🤖 AI Summary
Clinical research is often hindered by cumbersome workflows, reliance on programming expertise, and restricted access to sensitive data, limiting its accessibility to non-technical investigators. This work proposes CARIS (Clinical AI Research System), the first framework integrating large language models with the Model Context Protocol (MCP) to enable end-to-end, code-free, and privacy-preserving automated clinical research—from study design and analysis to report generation—while supporting human-in-the-loop iterative refinement. CARIS incorporates Vibe machine learning, literature retrieval, and the TRIPOD+AI reporting framework.

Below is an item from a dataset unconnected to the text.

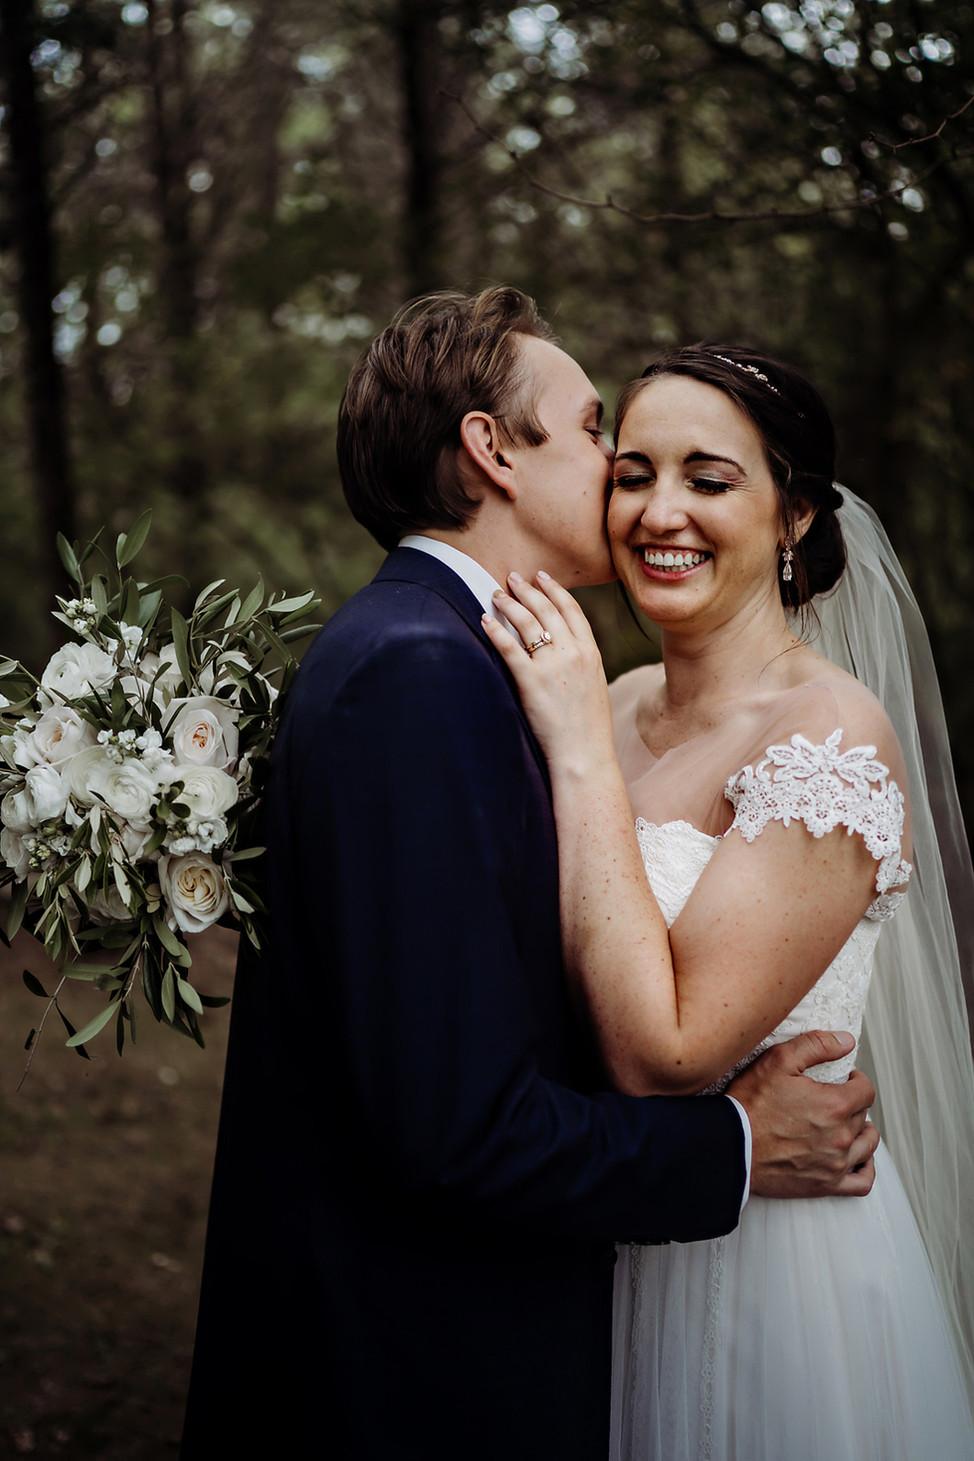 Travis + Paige    Wedding at Cedar Spring Pavilion
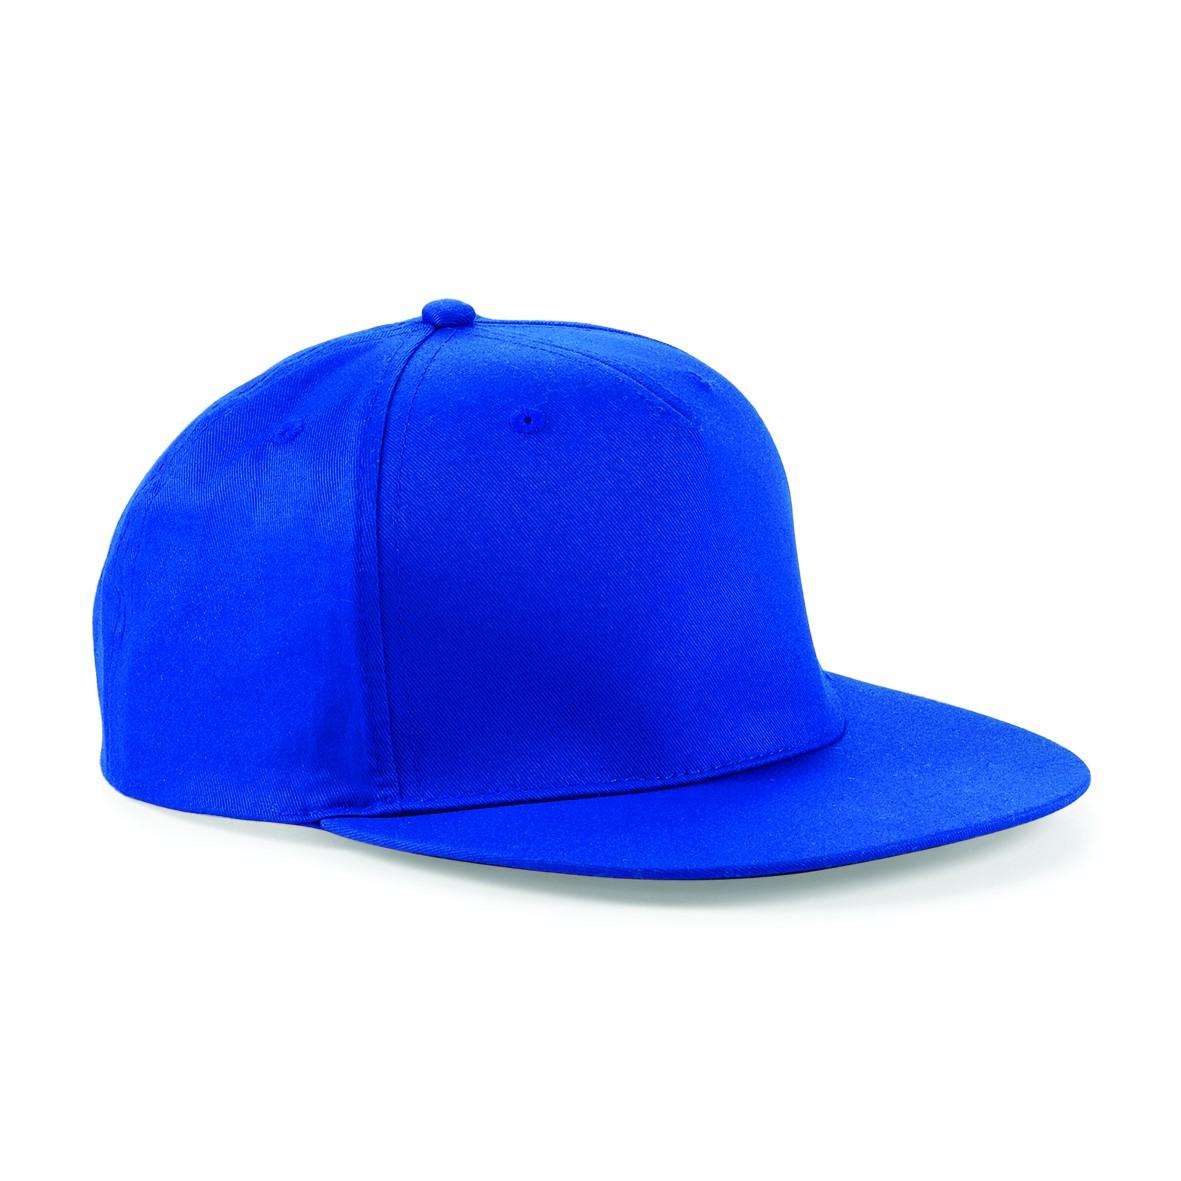 c26a0ac5b53 New PREMIUM Snapback Cap Black Plain Baseball Hip Hop Era Fitted Flat Peak  Hat

Evaluated across three heterogeneous clinical datasets, the system generated study protocols and ethics documentation within 3–4 iterative rounds, achieving 96% coverage in LLM-based report assessments and 82% in manual evaluations, substantially lowering technical barriers while safeguarding data privacy.
📝 Abstract
Clinical research involves labor-intensive processes such as study design, cohort construction, model development, and documentation, requiring domain expertise, programming skills, and access to sensitive patient data. These demands create barriers for clinicians and external researchers conducting data-driven studies. To overcome these limitations, we developed a Clinical Agentic Research Intelligence System (CARIS) that automates the clinical research workflow while preserving data privacy, enabling comprehensive studies without direct access to raw data. CARIS integrates Large Language Models (LLMs) with modular tools via the Model Context Protocol (MCP), enabling natural language-driven orchestration of appropriate tools. Databases remain securely within the MCP server, and users access only the outputs and final research reports. Based on user intent, CARIS automatically executes the full pipeline: research planning, literature search, cohort construction, Institutional Review Board (IRB) documentation, Vibe Machine Learning (ML), and report generation, with iterative human-in-the-loop refinement. We evaluated CARIS on three heterogeneous datasets with distinct clinical tasks. Research plans and IRB documents were finalized within three to four iterations, using evidence from literature and data. The system supported Vibe ML by exploring feature-model combinations, ranking the top ten models, and generating performance visualizations. Final reports showed high completeness based on a checklist derived from the TRIPOD+AI framework, achieving 96% coverage in LLM evaluation and 82% in human evaluation. CARIS demonstrates that agentic AI can transform clinical hypotheses into executable research workflows across heterogeneous datasets. By eliminating the need for coding and direct data access, the system lowers barriers and bridges public and private clinical data environments.